Mat4 mul(const Mat4& A, const Mat4& B){
  Mat4 C{}; for(int i=0;i<4;++i) for(int j=0;j<4;++j){ long long s=0; for(int k=0;k<4;++k) s+=A[i][k]*B[k][j]; C[i][j]=s; }
  return C;
}
Mat4 mpow(Mat4 base, long long exp){
  Mat4 R{}; for(int i=0;i<4;++i) R[i][i]=1;
  while(exp){ if(exp&1) R=mul(R,base); base=mul(base,base); exp>>=1; }
  return R;
}
long long tetranacciMatrix(long long n){
  if(n==0) return 0; if(n==1||n==2) return 1; if(n==3) return 2;
  Mat4 M = {{{1,1,1,1},{1,0,0,0},{0,1,0,0},{0,0,1,0}}};
  Mat4 P = mpow(M, n-3);
  // V(3) = [2,1,1,0]^T; T(n) = first row dot V(3)
  return P[0][0]*2 + P[0][1]*1 + P[0][2]*1 + P[0][3]*0;
}

Java

class TetraMatrix {
  long[][] mul(long[][] A,long[][] B){
    long[][] C=new long[4][4];
    for(int i=0;i<4;i++) for(int j=0;j<4;j++){
      long s=0; for(int k=0;k<4;k++) s+=A[i][k]*B[k][j]; C[i][j]=s; }
    return C;
  }
  long[][] mpow(long[][] base,long exp){
    long[][] R=new long[4][4]; for(int i=0;i<4;i++) R[i][i]=1;
    while(exp>0){ if((exp&1)==1) R=mul(R,base); base=mul(base,base); exp >>=1; }
    return R;
  }
  long tetranacci(long n){
    if(n==0) return 0; if(n==1||n==2) return 1; if(n==3) return 2;
    long[][] M={{1,1,1,1},{1,0,0,0},{0,1,0,0},{0,0,1,0}};
    long[][] P= mpow(M, n-3);
    return P[0][0]*2 + P[0][1]*1 + P[0][2]*1 + P[0][3]*0;
  }
}

Python

from typing import List

def _mat_mul(A: List[List[int]], B: List[List[int]]) -> List[List[int]]:
  return [[sum(A[i][k]*B[k][j] for k in range(4)) for j in range(4)] for i in range(4)]

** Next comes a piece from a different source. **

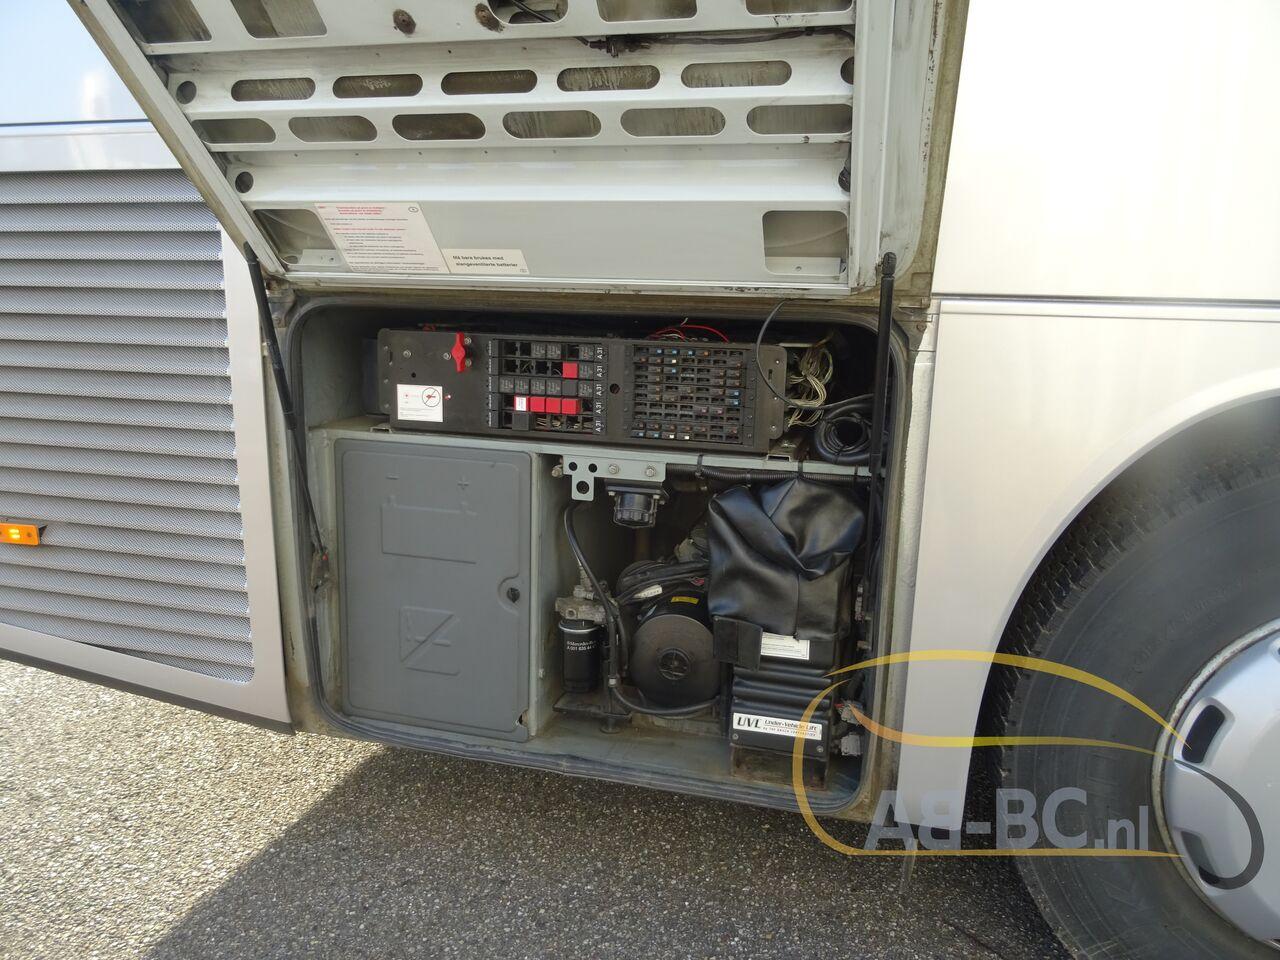 coach-bus-SETRA-S415H-52-Seats-EURO-6-Liftbus---1630913018394978115_big_5a608ea11abec7d3083eb76f839e0771--21070517141280735500

def _mat_pow(M: List[List[int]], e: int) -> List[List[int]]:
  R = [[int(i==j) for j in range(4)] for i in range(4)]
  while e:
    if e & 1:
      R = _mat_mul(R, M)
    M = _mat_mul(M, M)
    e >>= 1
  return R

def tetranacci_matrix(n: int) -> int:
  if n == 0: return 0
  if n in (1,2): return 1
  if n == 3: return 2
  M = [[1,1,1,1],[1,0,0,0],[0,1,0,0],[0,0,1,0]]
  P = _mat_pow(M, n-3)
  return P[0][0]*2 + P[0][1]*1 + P[0][2]*1

Complexity

• ⏰ Time complexity: O(log n) – binary exponentiation of constant-size matrix.
• 🧺 Space complexity: O(1) – (ignoring recursion; iterative). Matrix storage constant.

Method Comparison

Method	Time	Space	Notes
1 Naive Recursion	O(4^n)	O(n)	Pedagogical only
2 Memoization	O(n)	O(n)	Simple; top-down
3 Bottom-Up Array	O(n)	O(n)	Straightforward tabulation
4 Space Optimized	O(n)	O(1)	Preferred for large n (unless log method)
5 Matrix Exponentiation	O(log n)	O(1)	Fast for large n; linear recurrence trick

Notes

• For very large n, numbers grow exponentially; consider using big integers or applying a modulus (e.g., 1e9+7) — adjust operations accordingly.
• The matrix exponentiation method generalizes to any k-step Fibonacci by using a k×k companion matrix.
• If only sequential queries with increasing n arrive, maintain a rolling window (Method 4) and append new values in amortized O(1).